(Hi all. I’m a new member and I’m hoping this is the right thread to post my recent review of the Aryas I got from Apos Audio. If not, some Admin may zap it and I understand.
)
Hifiman Arya review
Big disappointment
Short version-
Bad- gigantic earpads (feels weird on your head), L-R driver imbalance (left driver noticeably less volume than the right), muted high end (on instruments like cymbals, with lots of harmonics), sound stage too wide (instruments sound too spread out to be realistic).
Good- excellent bass (if you can get them to seal on your ears with the huge earpads), lightweight, comfortable, very good midrange (especially male vocals).
Long version-
I had been looking forward to buying these headphones for 2 years, ever since i watched some rave reviews on YouTube by people like Joshua Valour and Andrew from Resolve.
In September, 2021, I bought the Stealth Magnet Revision version from Apos online, as soon as they advertised them. When I got them I didn’t see anything on the box that denoted the Stealth Magnet upgrade. I searched YouTube for some info about the upgrade and found that Apos had shipped me the older, non-stealth, version. I believe this was an honest order-filling mistake and not some bait-and-switch scam. They were really good about letting me return the non-stealth phones for a full refund.
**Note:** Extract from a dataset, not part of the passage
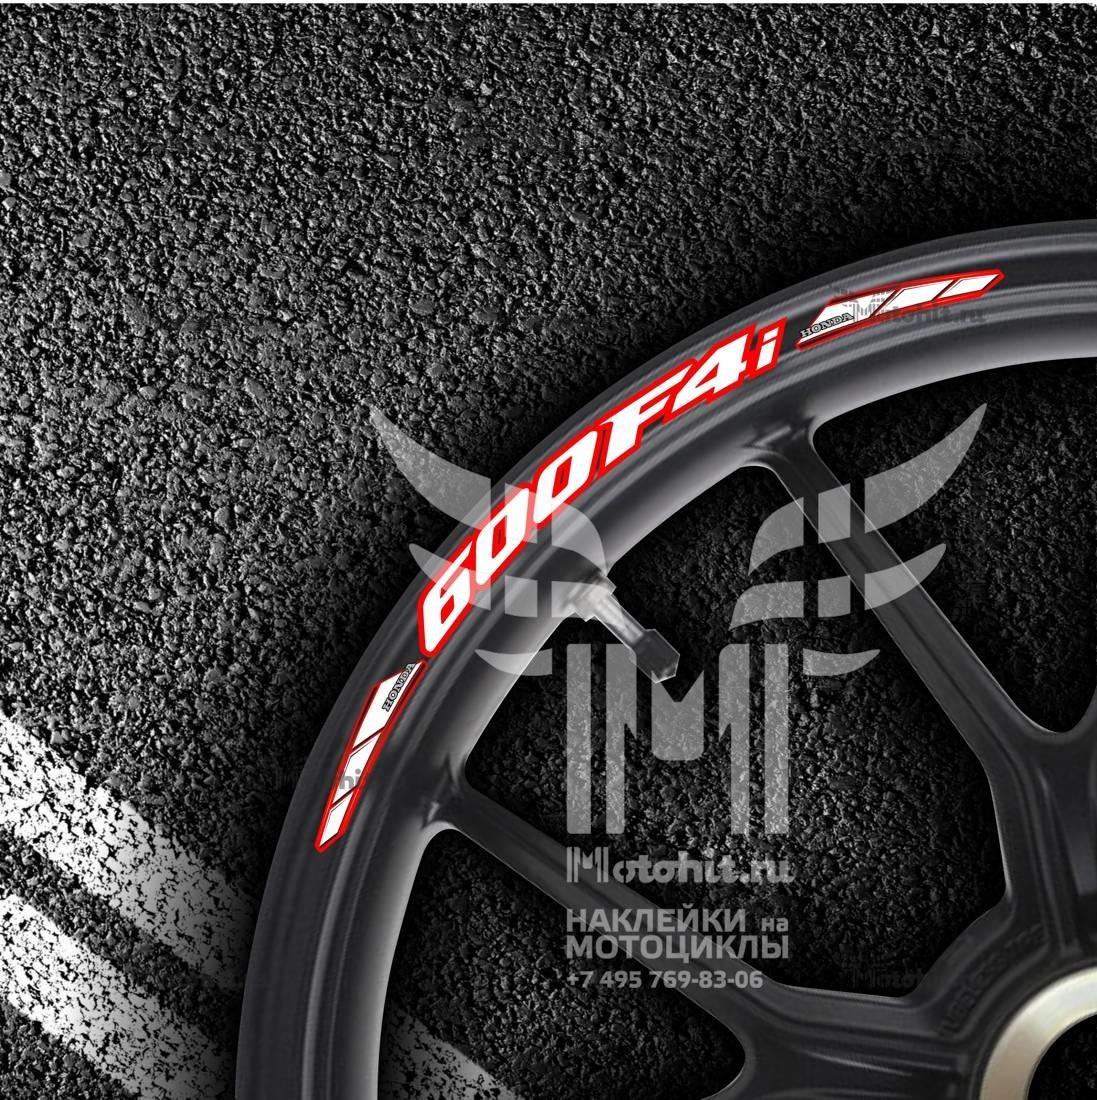 Комплект наклеек на обод колеса мотоцикла HONDA 600-F4i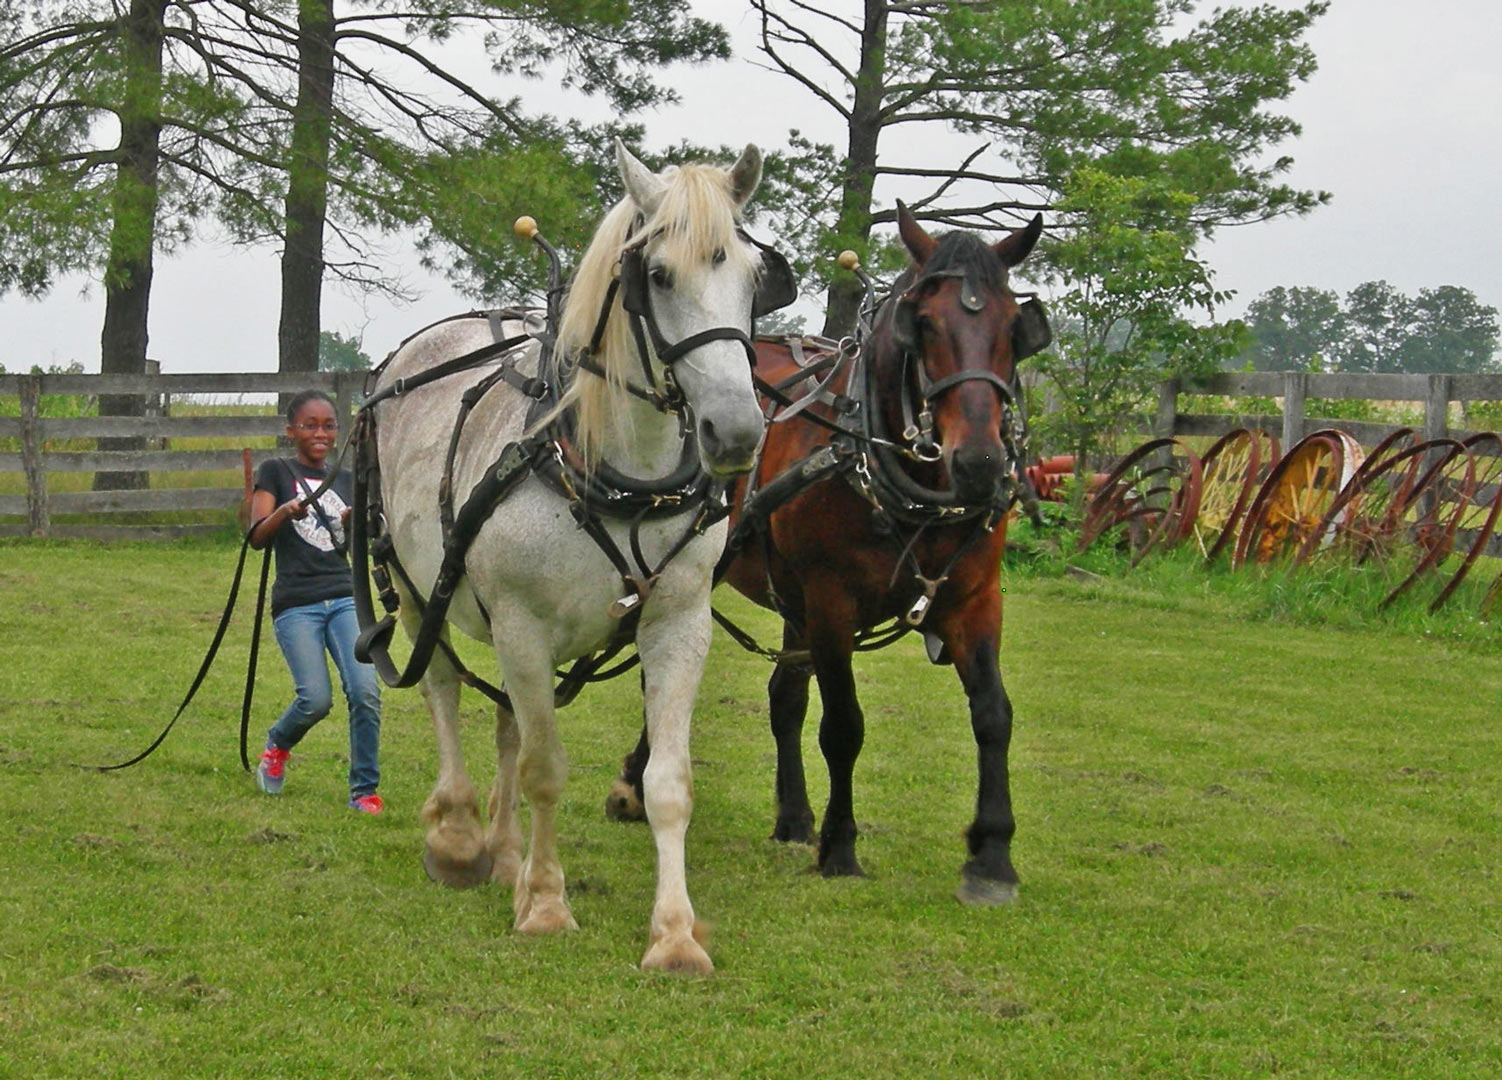 Girl drives Percheron horses on education class at Slate Run Farm

So, before going on I need to say that I only had these phones for a week and I think they might have been slightly defective. I immediately noticed that the left driver had noticeably less gain than the right one by quite a bit. I had to shift the balance to the left by around 10% more than any other headphone I own. Annoyance #1.
After using the phones for about 5-7 hours the left driver started coming up little, but was still off by quite a lot. If I had them longer and broken them in more they might have leveled off better.
As for the earpads, I don’t know who these phones are designed to fit. Maybe chimps, but not an average person. I have a larger than average head and ears and there was a good half inch all the way around my ears when wearing these phones. When I adjusted them for the best sound there was around 3/4 of an inch gap at the bottom of ear by my jaw; enough room that the sound seal was off and it effected the bass adversely. Fix the seal problem and the sound stage felt off. Annoyance #2.
The highs- strangely, initially, the treble frequencies seemed OK and detailed, but I described these phones as having a “fun filter.” When there should have been harmonics on sounds, like cymbals and piano and acoustic guitar, there were just NONE. Cymbals had no ZING at all. It was as if the drivers were damped. Maybe this would have improved if I had them longer, as well. I’ll never know. Annoyance #3.
The soundstage- in critical listening the soundstage initially sounded very good, but as I adjusted to the new audio image I realized that it was strangely too wide and that made the instruments sound too spread out to be realistic. Some drum sounds filled the whole middle third of the sound image and sounded diffuse to the point of being muddy and vague. Annoyance #4.
All four of these annoyances (as well as being NOT what I ordered) made this expenditure of 1600 bucks a big disappointment.
I have the good fortune to have some other excellent headphones to compare these Aryas to and that comparison was very bad news for the Aryas. One of my favorite phones are my 2 year old Hifiman Sundara. Actually, the reason I wanted to try the Aryas was because I enjoy the Sundaras so much. The Sundaras beat out the Aryas in every category except bass reproduction. They have a wonderful sound on any percussion instrument; some of the best sound of percussion of any phones I’ve heard costing even 5 times as much.
These Aryas failed to get anywhere near the overall quality of my other phones either; not my Drop/Focal Elex, Beyerdynamic DT1990 Pro, nor ZMF Aeolus and they cost more than any of them.
Bummer. I would like to have heard an amazing set of planar magnetics, better than my Sundaras. My search continues.